Na amostragem simples, aplicada aos ensaios destrutivos, o lote é considerado aceito se o número de amostras defeituosas (aquelas que contêm uma ou mais não conformidades) for igual ou inferior ao número de aceitação. Ainda na amostragem simples, o lote é considerado rejeitado, se o número de amostras defeituosas for igual ou superior ao número de rejeição.

Na amostragem dupla, aplicada aos exames dimensionais e visuais, se o número de unidades defeituosas encontrado na primeira amostragem for igual ou menor do que o primeiro número de aceitação, o lote deve ser considerado aceito. Se o número de unidades defeituosas for igual ou maior do que o primeiro número de rejeição, o lote deve ser rejeitado. Ainda na primeira amostragem, se o número encontrado for maior do que o primeiro número de aceitação e menor do que o primeiro número de rejeição, uma segunda amostragem de tamanho indicado pelo plano de amostragem deve ser retirada.

As quantidades de unidades defeituosas encontradas na primeira e na segunda amostragens devem ser acumuladas. Se a quantidade acumulada de unidades defeituosas for igual ou menor que o segundo número de aceitação, o lote deve ser aceito. Se a quantidade acumulada de unidades defeituosas for igual ou maior do que o segundo número de rejeição, o lote deve ser rejeitado.
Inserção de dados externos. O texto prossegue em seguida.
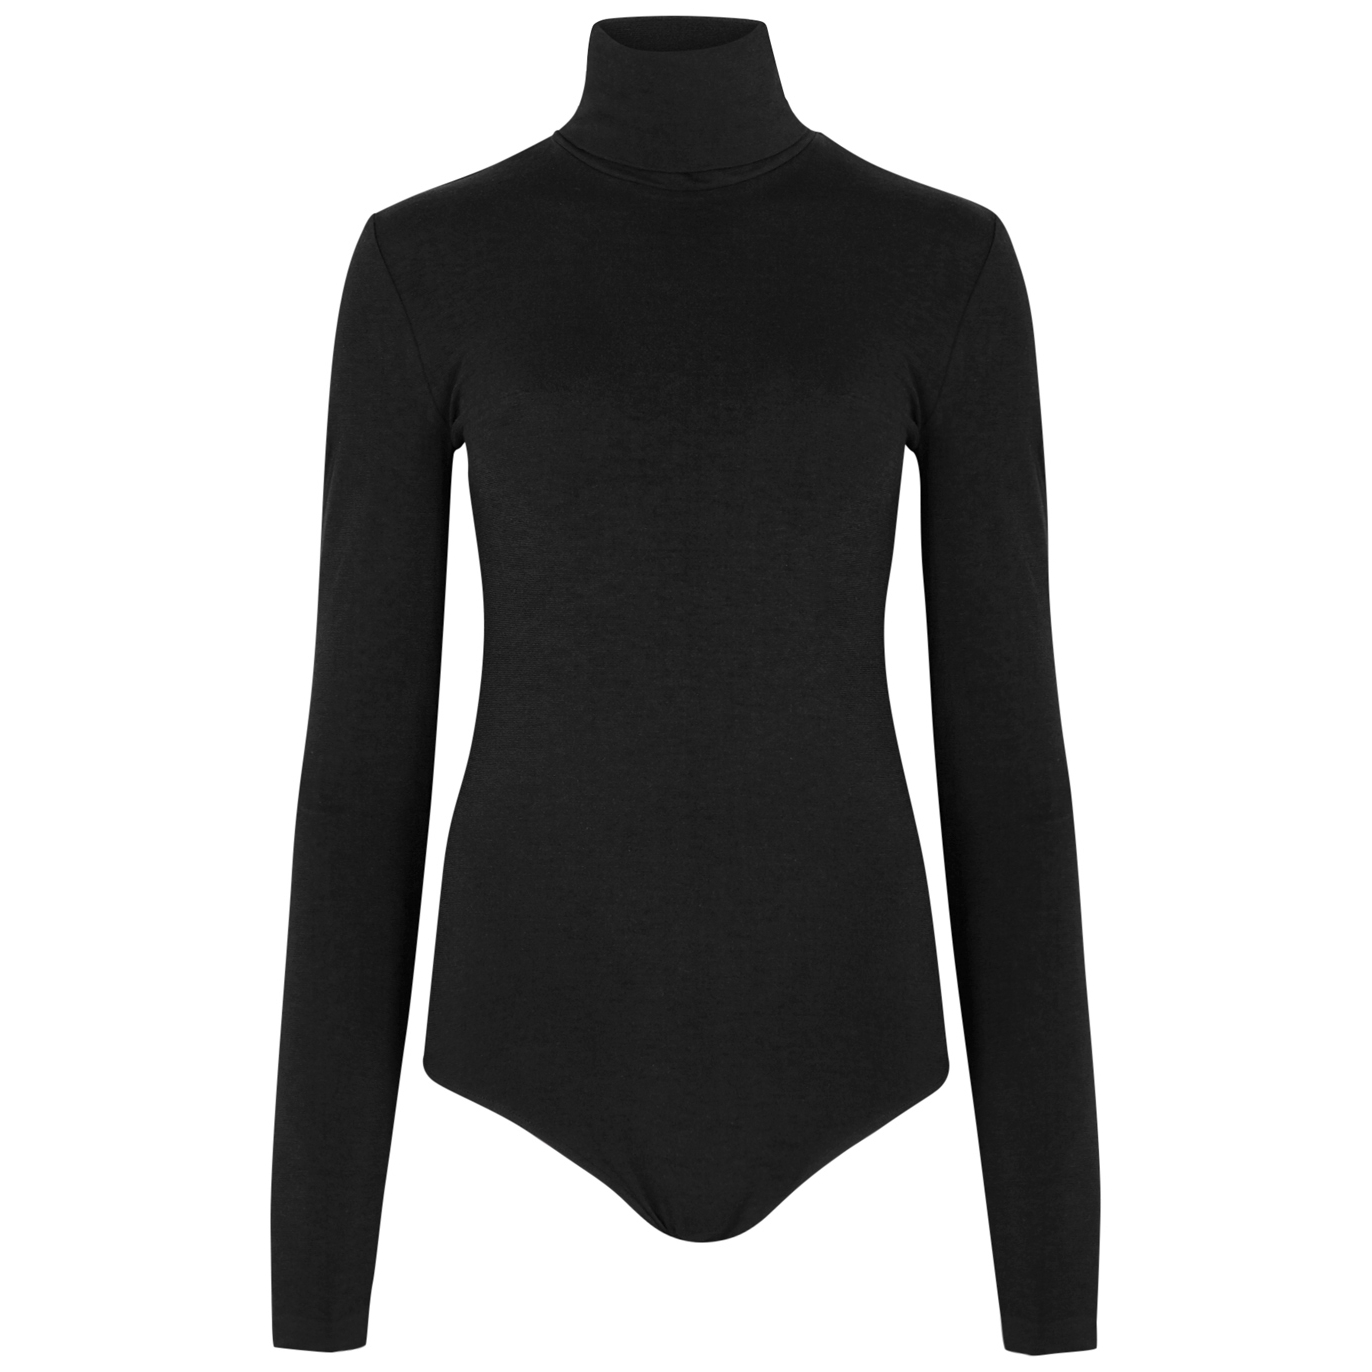 Wolford Colorado Black Stretch-knit Bodysuit - M

Os tubos devem ser marcados de metro em metro, de forma indelével e visível, por meio de impressão a quente em baixo-relevo, tipo hot-stamping, em cor contrastante com a do tubo, ou de outro método de marcação em baixo-relevo. A marcação deve conter no mínimo as seguintes informações: nome ou marca de identificação do fabricante; identificação comercial do composto utilizado na fabricação; classificação do composto (PE 80 ou PE 100); ramal predial, água ou esgoto; diâmetro externo nominal (DE); PN; SDR – não aplicável para os tubos conforme Anexo C; código que permita rastrear a sua produção, sendo que ele deve permitir identificar a matéria-prima, seu número de lote, quantitativos e parâmetros de produção e resultados de ensaios de produção; o número desta norma. No caso de bobinas, é tolerada a ocorrência de um trecho de até 1/3 de comprimento sem a marcação com tinta, desde que os dizeres estejam legíveis pelo baixo relevo decorrente do processo.